很棘手,你能解决这个问题吗?
It's tricky, can you solve the issue?
Output I want
我想要附加作者列表并在一个单元格中,我可以获得该列表,但并非所有作者都在网站中提到了角色,因此我想要具有其角色的作者。我想要的输出附在上面。参见 link。这对我来说很棘手,有人可以解决这个问题。期待答案,如果有任何帮助,我将不胜感激。谢谢。
from selenium import webdriver
import pandas as pd
driver = webdriver.Chrome()
site = 'https://www.goodreads.com/search?q=chughtai&qid=WzdWh5nG8z'
driver.get(site)
driver.maximize_window()
roles = []
authors = []
main = driver.find_elements_by_tag_name('tr')
for i in main:
role = []
author = []
con = i.find_elements_by_xpath('.//div[@class="authorName__container"]')
try:
for n in con:
auth = n.find_element_by_xpath('.//a[@class="authorName"]/span').text
rol = n.find_element_by_xpath('.//span[@class="authorName greyText smallText role"]').text
author.append(auth)
if rol:
role.append(rol)
one = ', '.join(role)
roles.append(auth + ' ' + rol)
else:
continue
one_cell = ', '.join(author)
authors.append(one_cell)
except:
pass
a = {'Author Name': authors,'Role': roles}
df = pd.DataFrame.from_dict(a, orient='index')
df = df.transpose()
df.to_csv("only_roles.csv", index=False)
print(df)
不知怎么的,我无法运行通过你的代码得到所有的书,所以我修改了它,请把我版本中有用的部分带到你的版本中。我在代码注释中的解释。
from selenium import webdriver
from selenium.common.exceptions import NoSuchElementException
import pandas as pd
driver = webdriver.Chrome('...')
site = 'https://www.goodreads.com/search?q=chughtai&qid=WzdWh5nG8z'
driver.get(site)
driver.maximize_window()
data = [] # pandas can convert a list of dictionaries to a dataframe. Dictionary keys are column names.
for tr in driver.find_elements_by_tag_name('tr'):
# one tr for one book
# I chose the following as check for a book because it worked for the webpage
if tr.get_attribute('itemtype') != 'http://schema.org/Book':
continue # Not a book
temp = {'Author Names': [], 'Role': []}
for con in tr.find_elements_by_class_name('authorName__container'):
# one container for one author
try:
authorName = con.find_element_by_class_name('authorName').find_element_by_tag_name('span').text
temp['Author Names'].append(authorName)
authorRole = con.find_element_by_class_name('role').text
temp['Role'].append(f'{authorName} {authorRole}')

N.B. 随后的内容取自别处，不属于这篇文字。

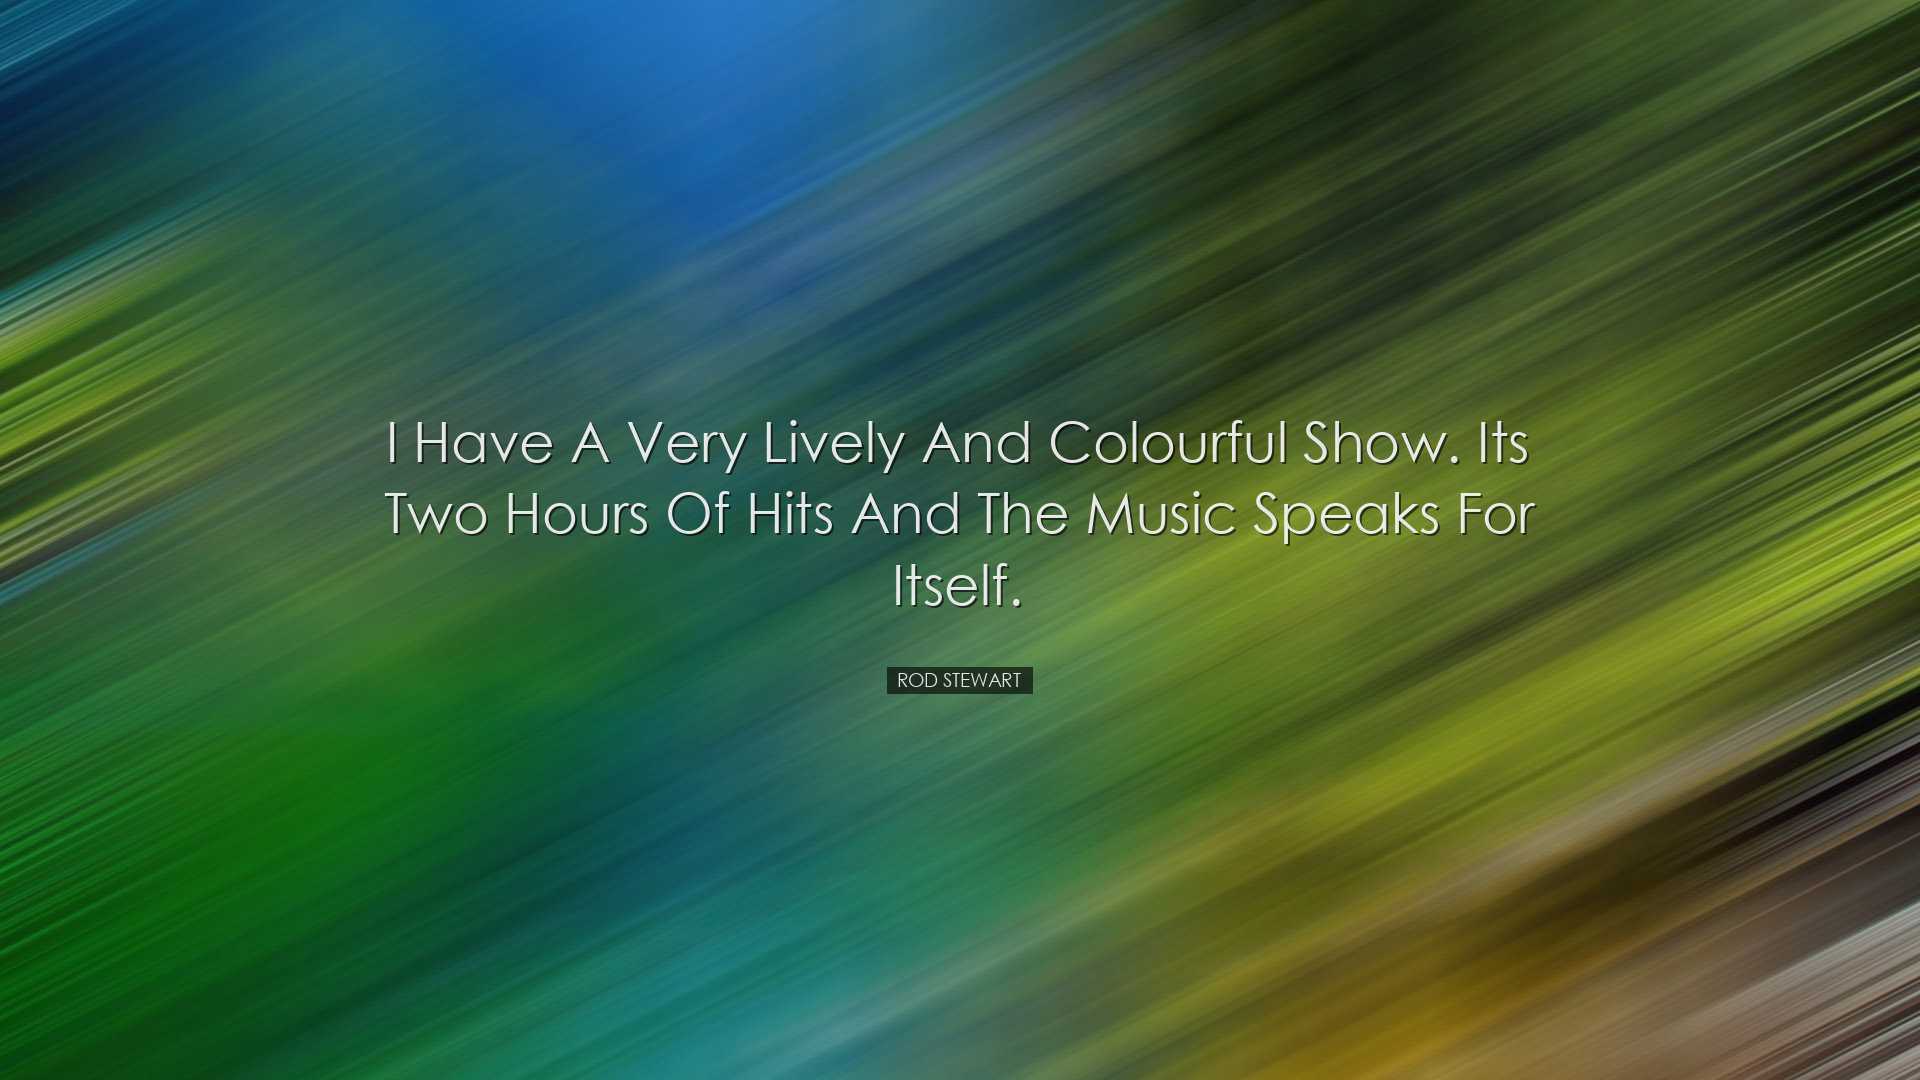 I have a very lively and colourful show. Its two hours of hits and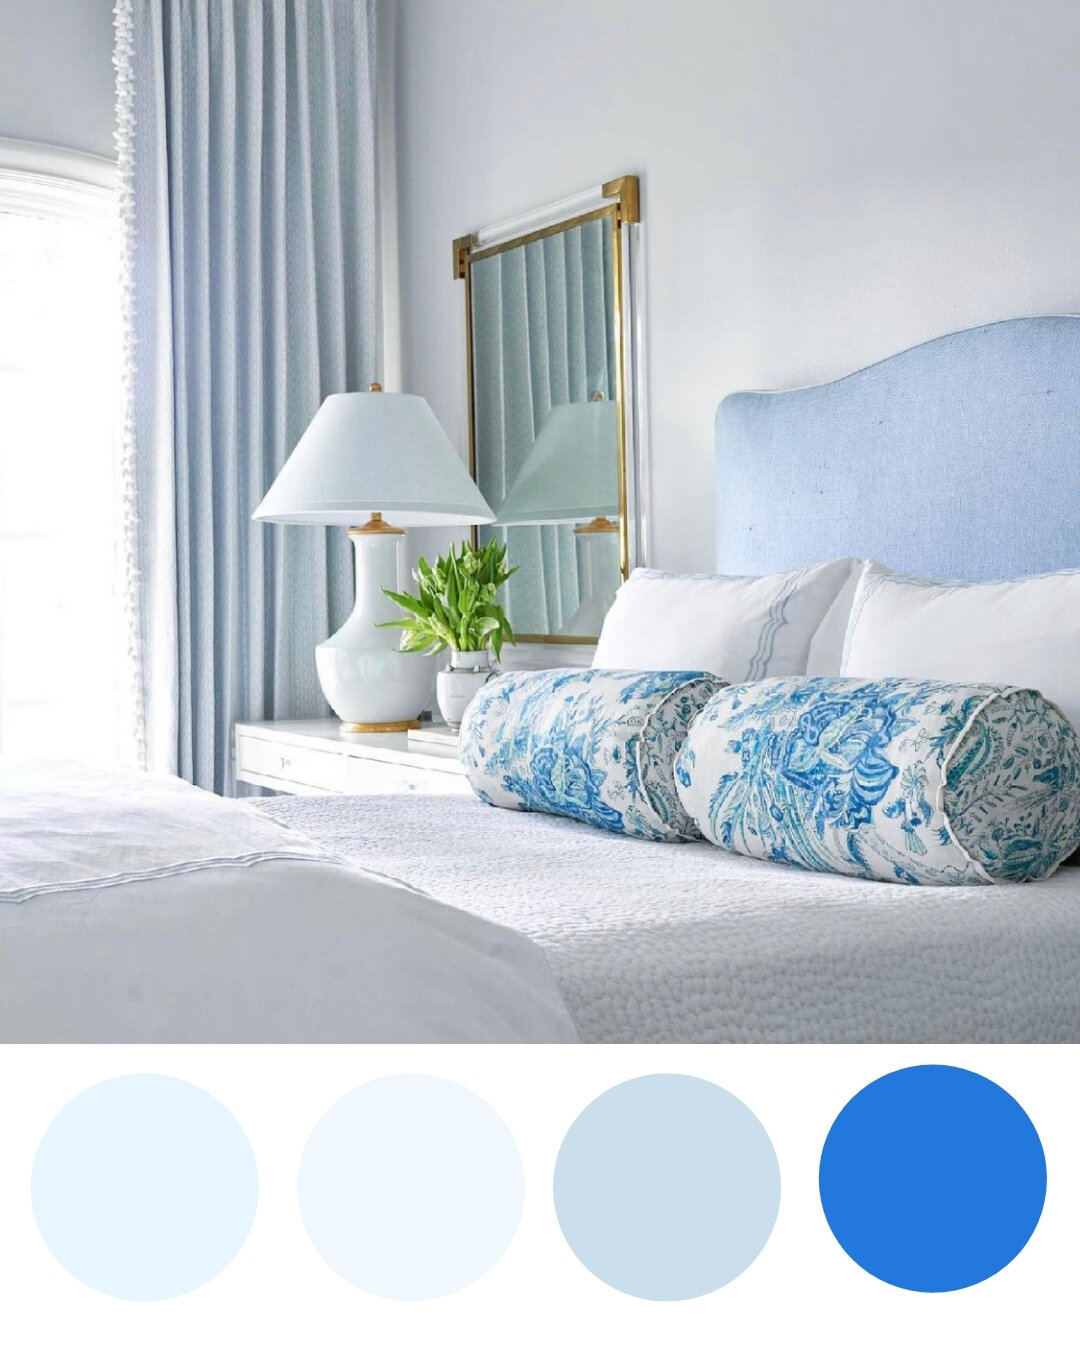 Different Shades of Blue in Interior Design • KBM D3signs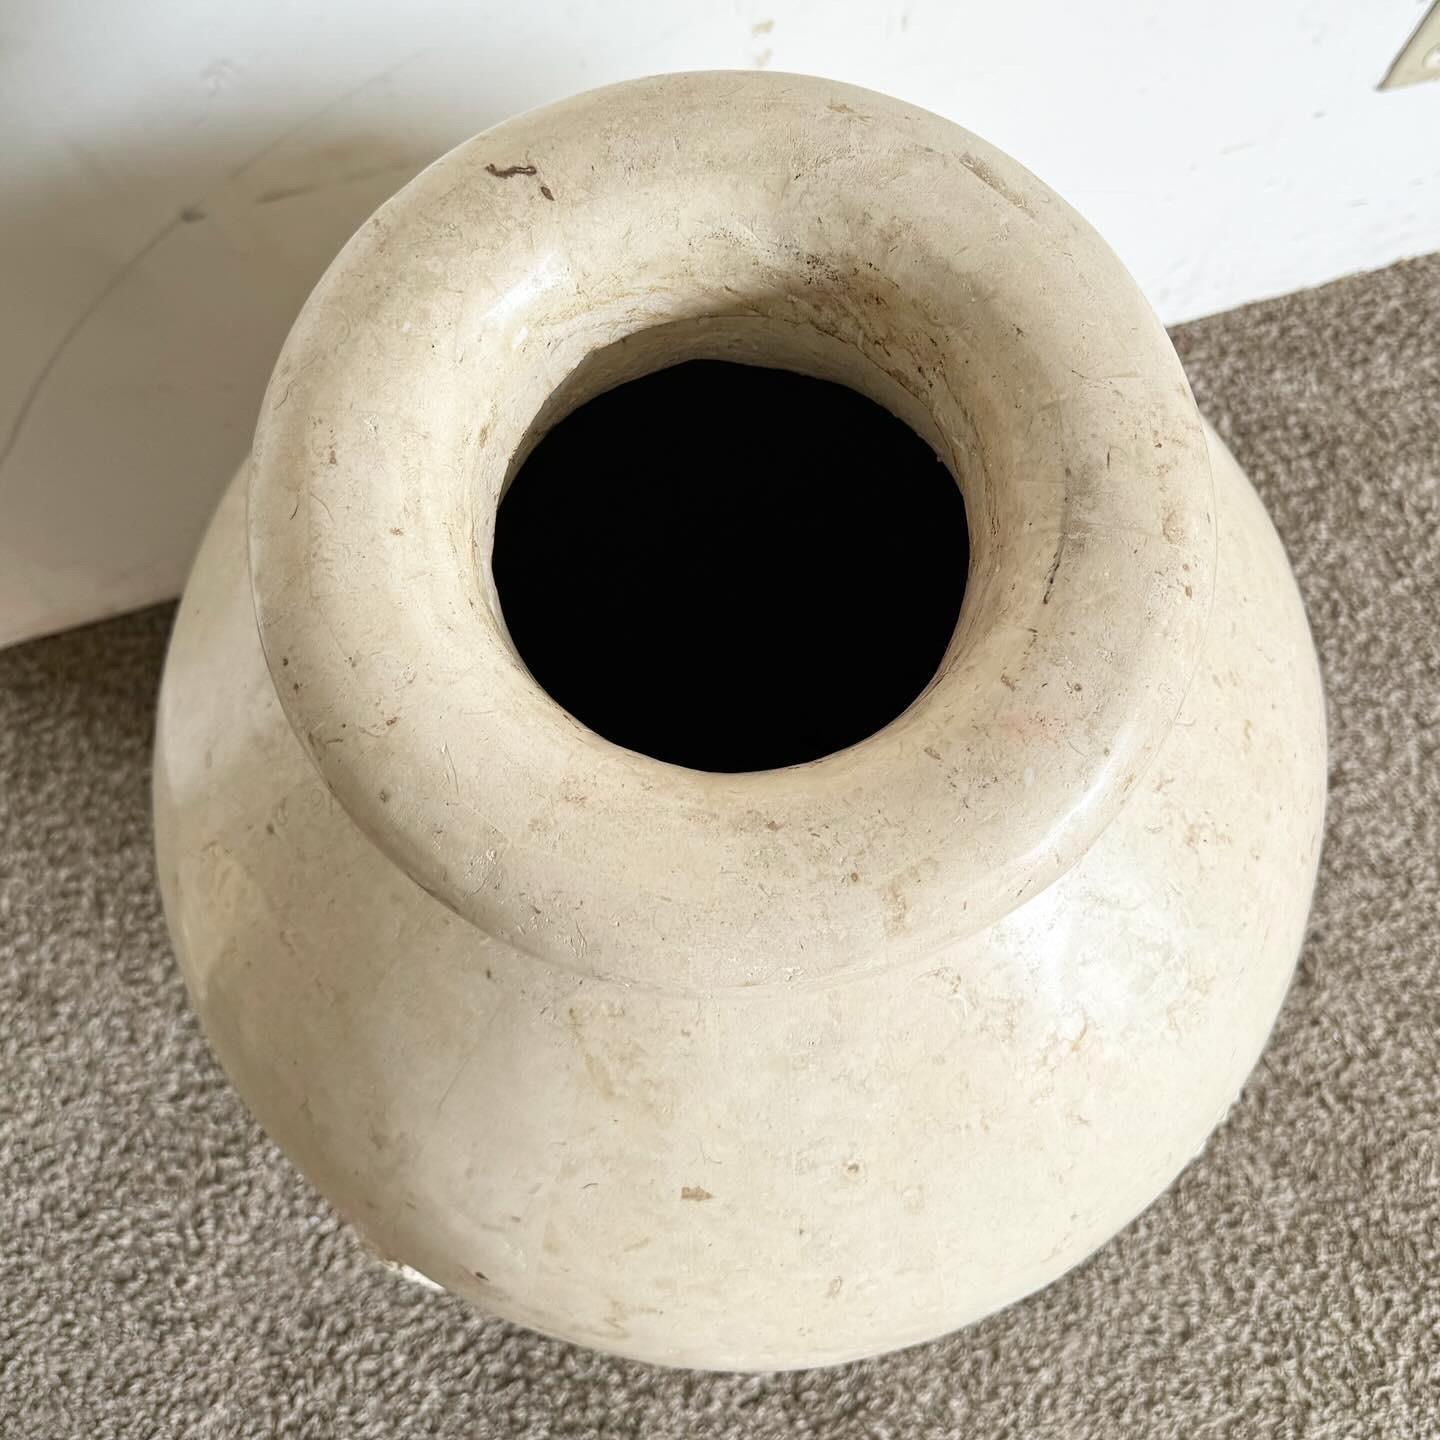 Elevate your decor with the Postmodern Polished and Raw Tessellated Stone Floor Vase. This unique vase combines polished and raw stone, offering a stunning visual and textural contrast. Ideal for lovers of natural beauty and postmodern design, it

except NoSuchElementException:
pass # ignore this one
except Exception as e:
print(e) # print this one for inspection
# convert lists to strings
data.append({k: ','.join(v) for k,v in temp.items()})
df = pd.DataFrame(data)
print(df)
Author Names \
0 Ismat Chughtai,M. Asaduddin
1 Ismat Chughtai
2 Muhammad Umar Memon,M. Asaduddin,Ismat Chughtai
3 Ismat Chughtai,Tahira Naqvi
4 Ismat Chughtai,Amar Shahid
5 Ismat Chughtai,Tahira Naqvi,Syeda S. Hameed
6 Ismat Chughtai
7 Hephaestus Books
8 Ismat Chughtai,Tahira Naqvi
9 Rakhshanda Jalil
10 Ismat Chughtai
11 Ismat Chughtai
12 Ismat Chughtai
13 Azeem Baig Chughtai
14 Ismat Chughtai
15 Ismat Chughtai
16 Ismat Chughtai
17 Ismat Chughtai
18 Ismat Chughtai,Tahira Naqvi
19 Hephaestus Books
Role
0 M. Asaduddin (Translator)
1
2 Muhammad Umar Memon (Translator),M. Asaduddin ...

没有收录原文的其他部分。